In this session, we:

1. ✅ Explored a complex dataset with non-linear relationships
2. ✅ Built a logistic regression model for direction prediction
3. ✅ Tuned prediction thresholds to optimize trading performance
4. ✅ Compared logistic vs linear regression approaches
5. ✅ Analyzed the impact of transaction costs

**Key Takeaways:**
- **Direction vs Magnitude**: Sometimes predicting direction is more important than magnitude
- **Threshold matters**: The default 0.5 threshold is rarely optimal for trading
- **Transaction costs are critical**: They can make or break a strategy
- **Optimize for trading metrics**: ML metrics (accuracy, F1) don't always align with trading performance (Sharpe, returns)

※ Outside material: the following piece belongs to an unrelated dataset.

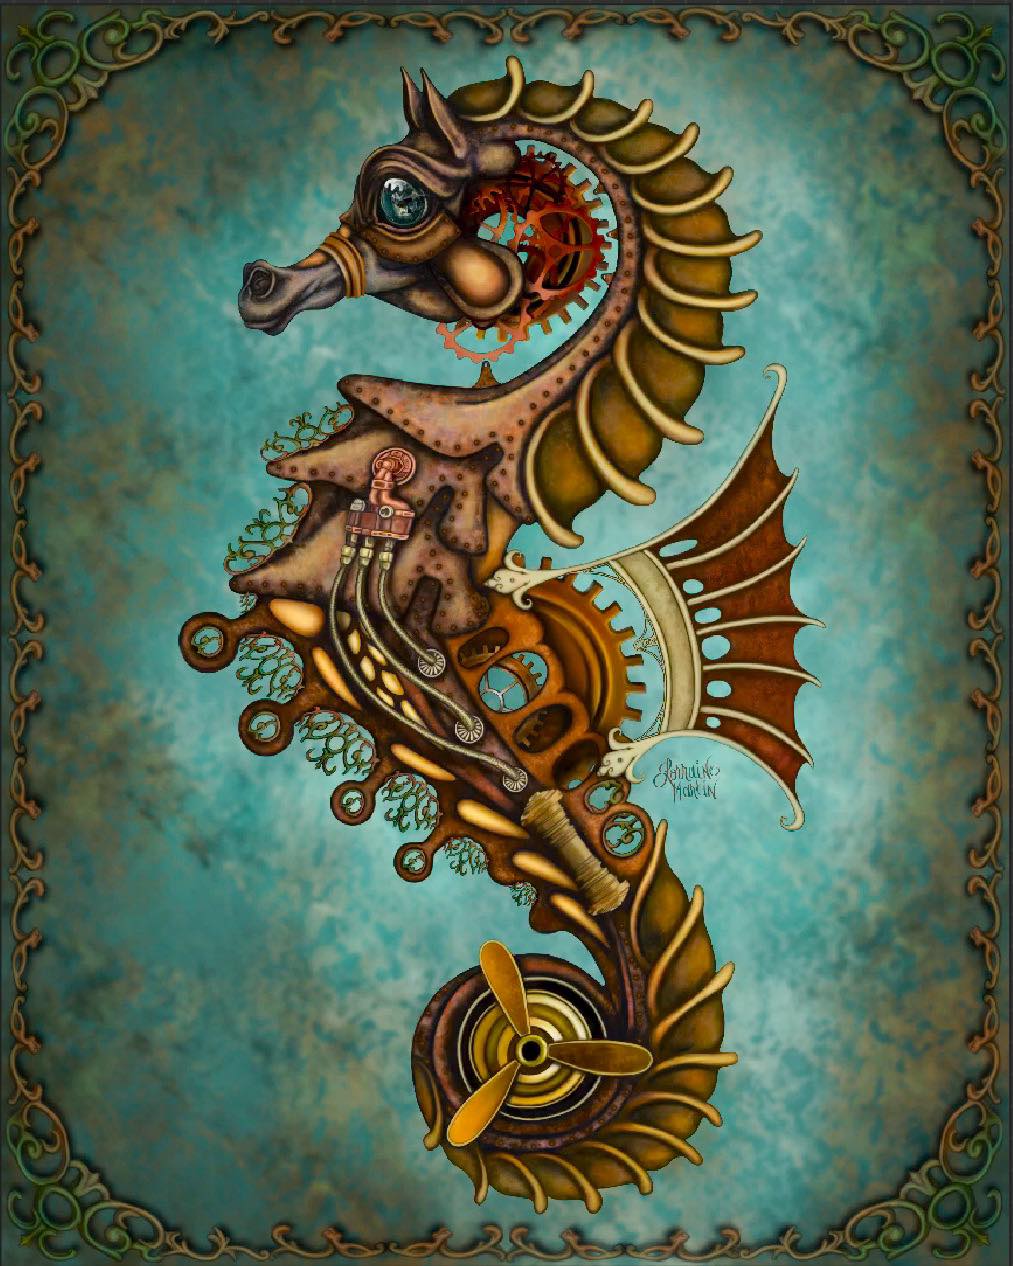 Steampunk Seahorse Giclee Canvas Print - The Butterfrog

**Next Session:** We'll explore more complex models, overfitting, regularization, and walk-forward validation.


### Bonus question

**Here we fitted a binary classifier - in real life what classification problem would you solve and why?**

**Answer:**

The higher the trading frequency, but more generally in most cases, we are interested to fit a multi-class classification to train the model to predict "flat". We can also choose what flat means, usually a threshold around 0.